Transcribe the data in full and exactly, omitting any pictures.

*Data provided*.

--------------------

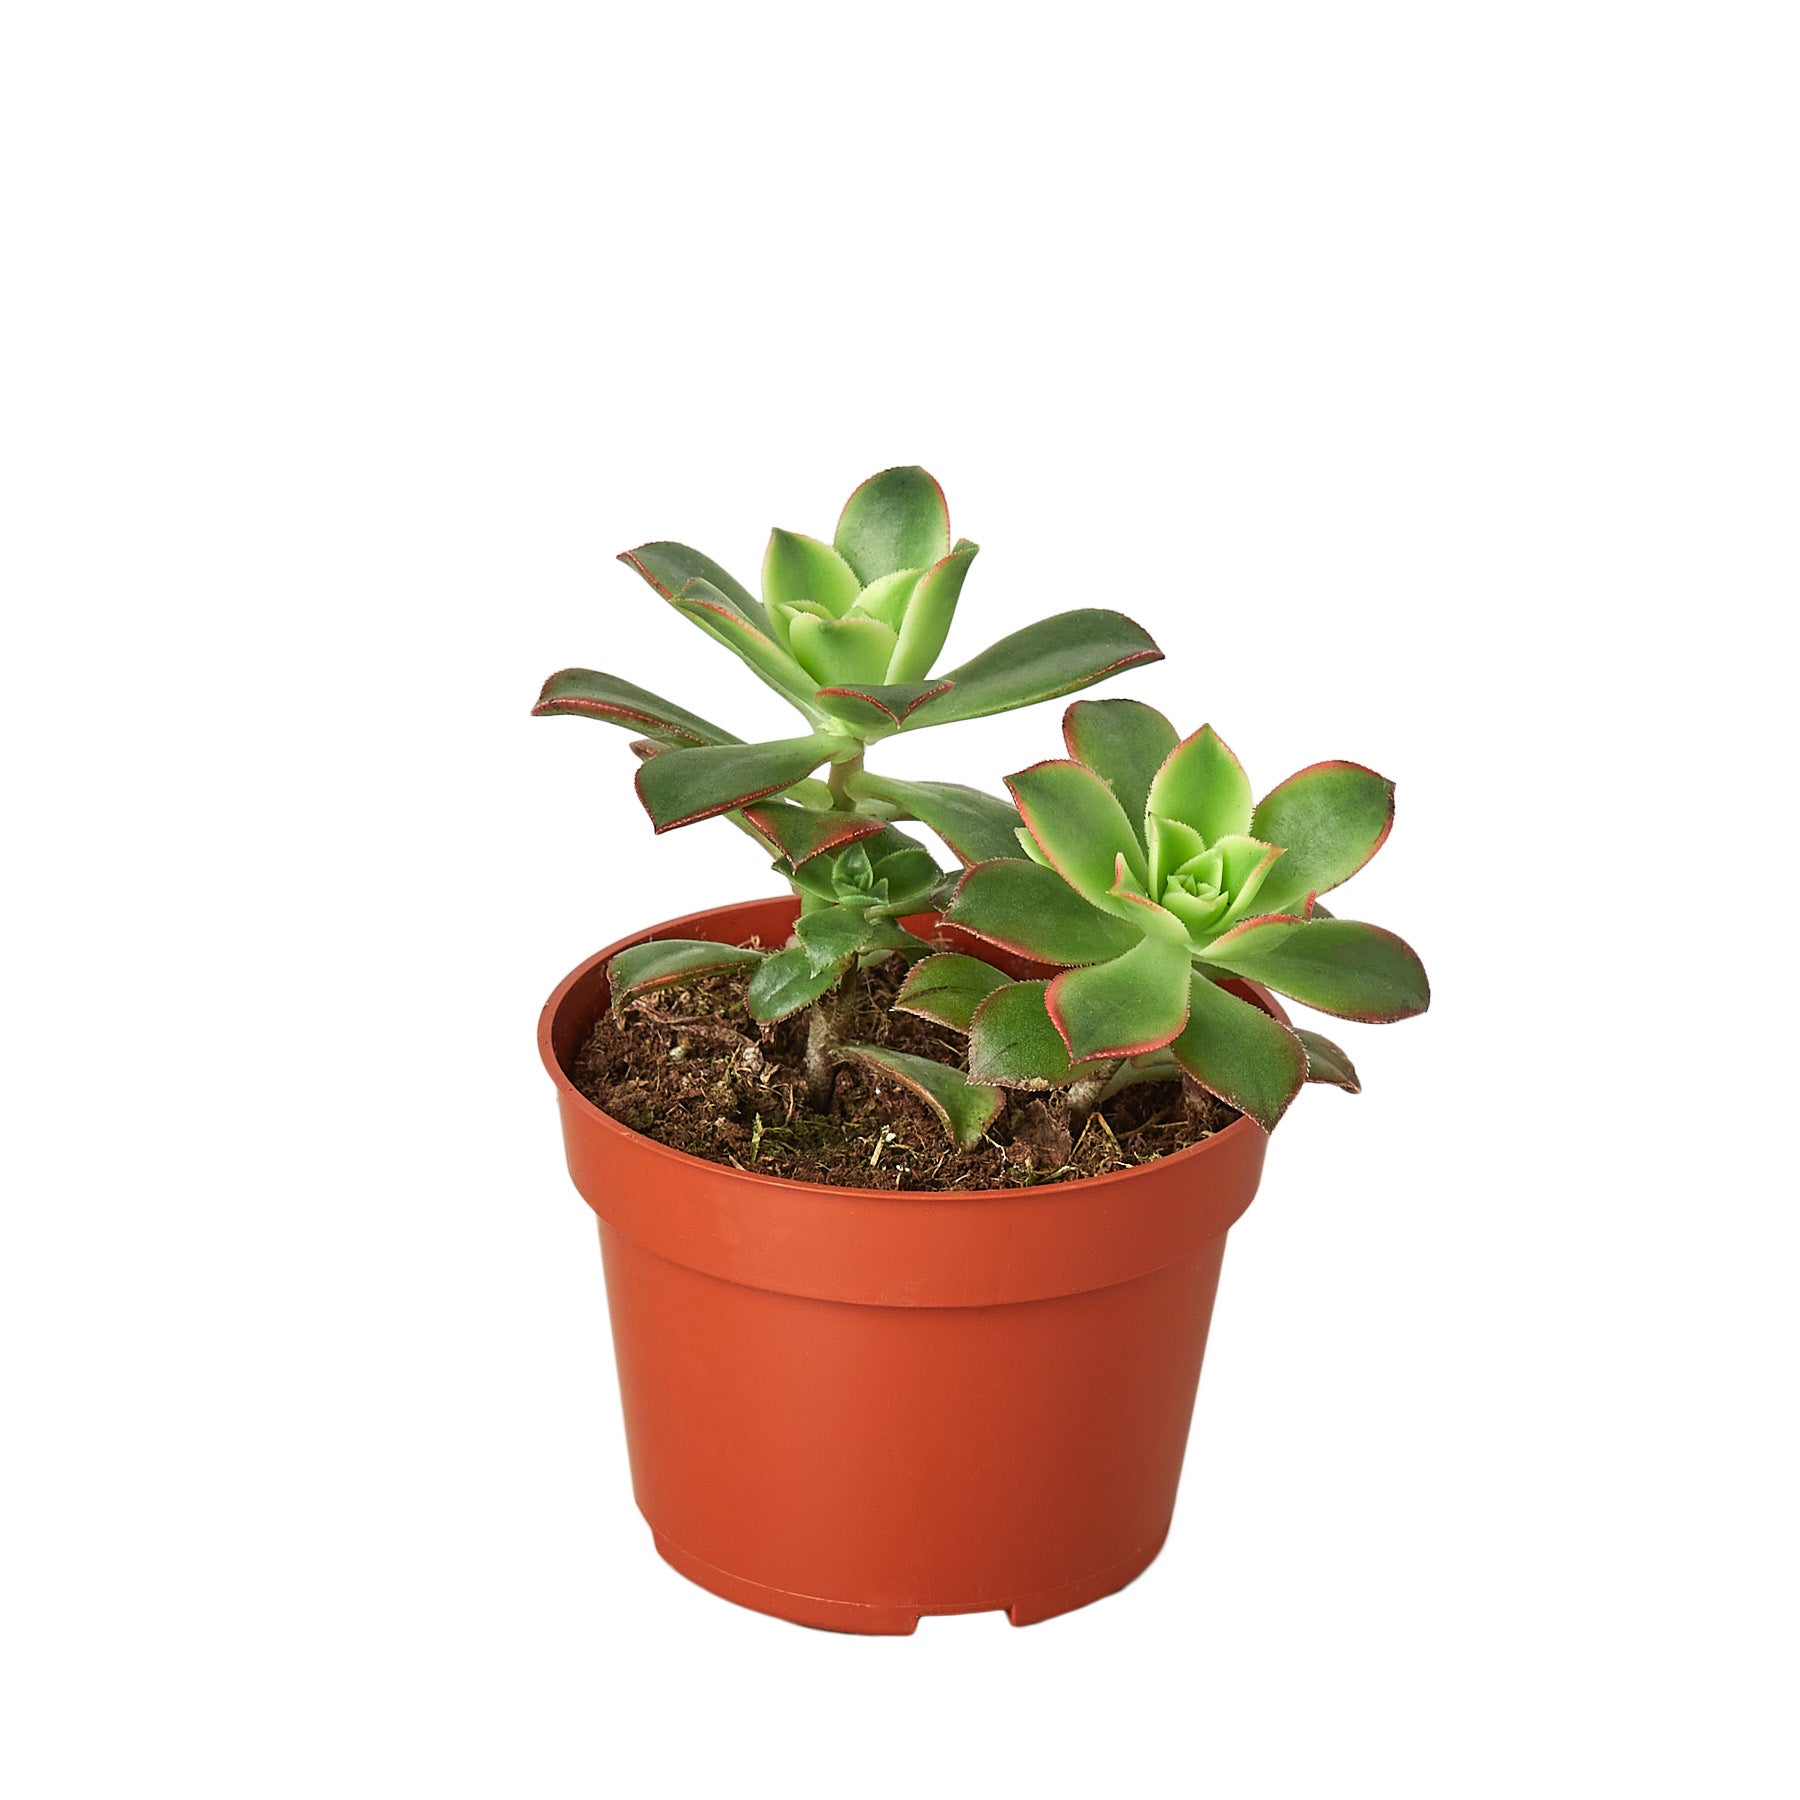 A succulent plant in a pot on a white background at the best garden center near me.
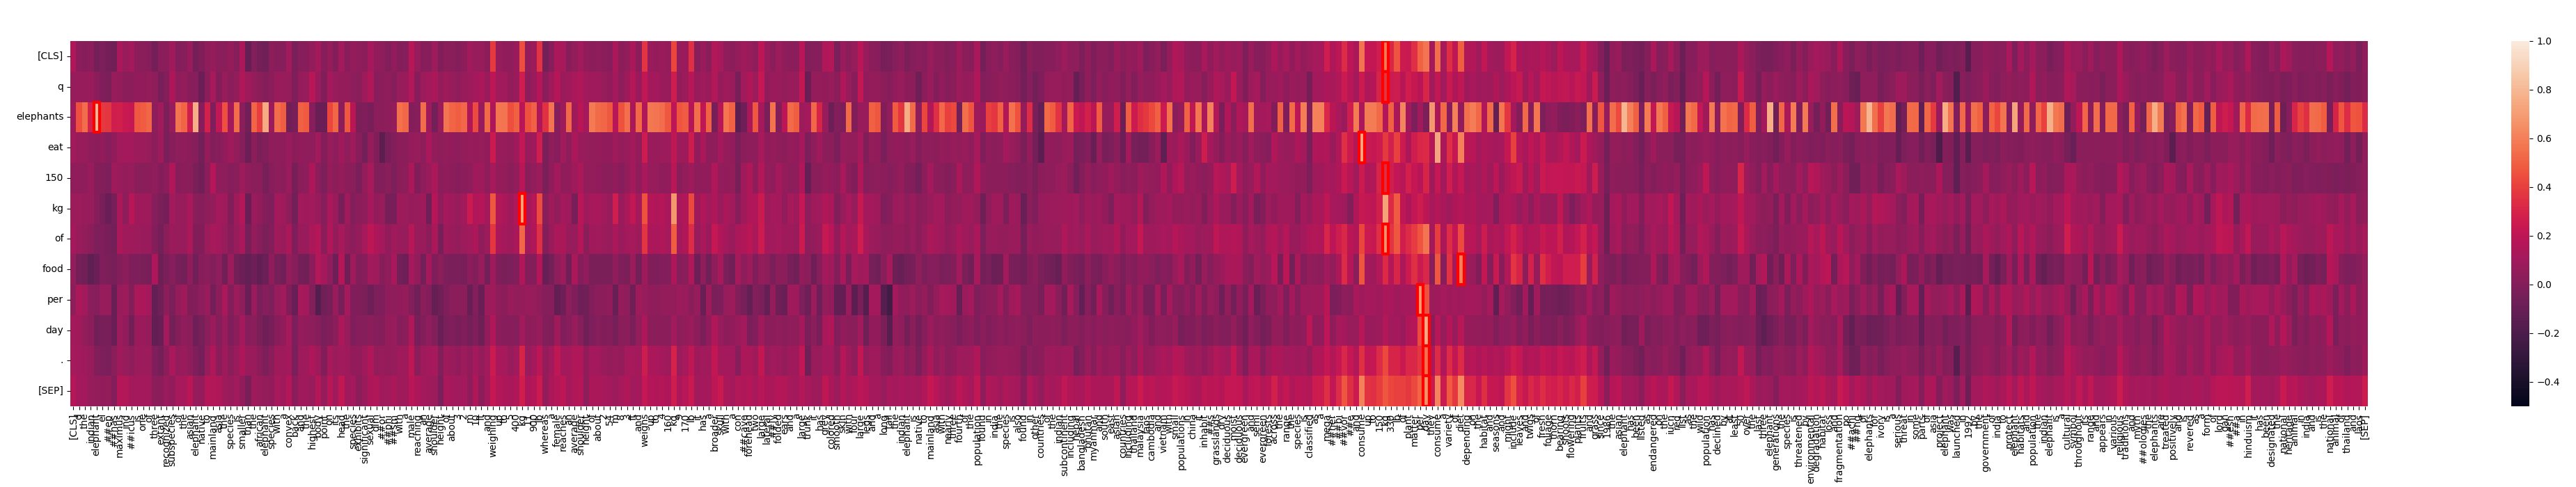 Graphical heatmap displaying genetic data, with red and orange dots indicating varying expression levels across base pairs an
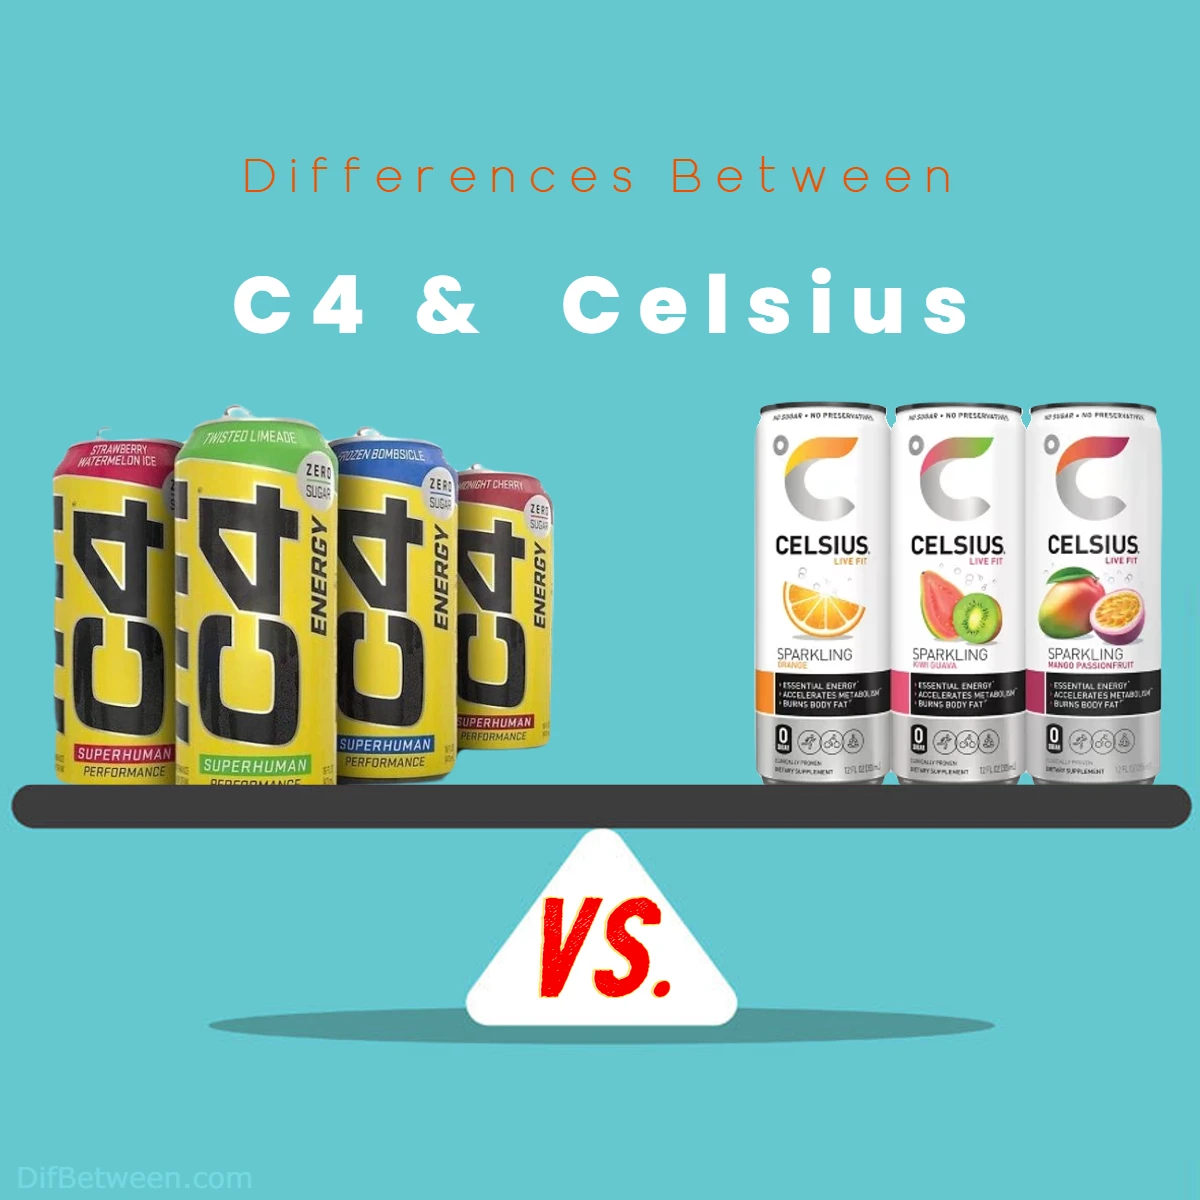 Differences Between Celsius and C4

--------------------

*Output of the task*.
 A succulent plant in a pot on a white background at the best garden center near me.
 Graphical heatmap displaying genetic data, with red and orange dots indicating varying expression levels across base pairs an
 Differences Between Celsius and C4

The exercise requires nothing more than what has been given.